Il avait coutume de dire : « Pour agir je suis trop vieux. Comment regretter de mourir, à mon âge ? Mais si j’avais cinquante ans, quelle lutte à soutenir ! » Il croyait à l’efficacité de l’action, et il n’a pas un moment désespéré de son pays.

Ses forces diminuaient peu à peu sous l’influence du mal. On voulait se faire illusion autour de lui. Il était le seul à ne pas souffrir la moindre atteinte à la vérité, se rendant compte des progrès de la maladie et en calculant la marche. Il avait chaque année l’habitude de ranger en liasses ses notes et ses dossiers lorsqu’il s’apprêtait à quitter sa résidence de Paris ou de la campagne. Au printemps de 1881, on le vit entreprendre à Rueil un rangement général. Il venait de ressentir les premières souffrances. Il voulait d’avance se tenir prêt pour son dernier voyage.
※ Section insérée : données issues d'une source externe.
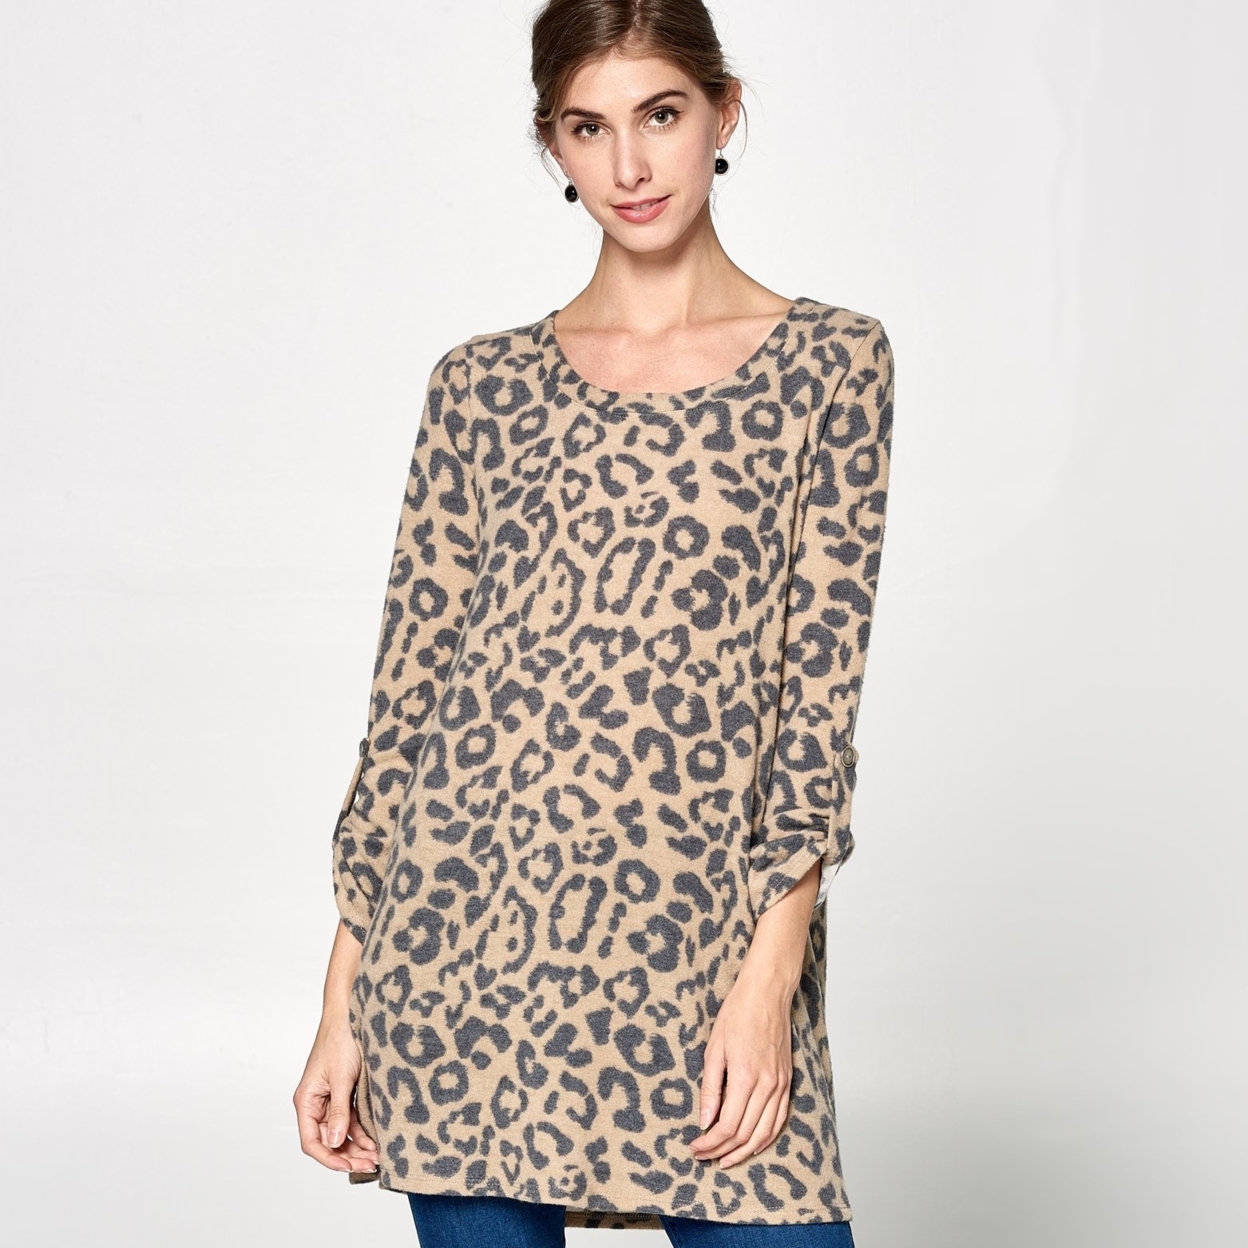 Three-Quarter Sleeve Leopard Tunic - Taupe/charcoal, Small (2-6)

Il avait fait bien d’autres préparatifs. Toute sa vie il avait eu une prédilection pour Pascal et Bossuet. Tantôt les Sermons, tantôt les Pensées repassaient sous ses yeux et venaient habituer son âme à la mort. Certains passages le frappaient ; il y revenait souvent et il s’était dit qu’aux heures suprêmes où l’intelligence subsiste, où l’on perçoit les sons sans pouvoir s’exprimer, il serait doux d’entendre ce grand langage des maîtres de la pensée humaine qui viendrait fortifier l’âme et lui donner la paix. Dans ce dessein, il marquait les pages, multipliait les signets, indiquait d’avance tout ce qu’il pourrait demander à des voix aimées de lui lire.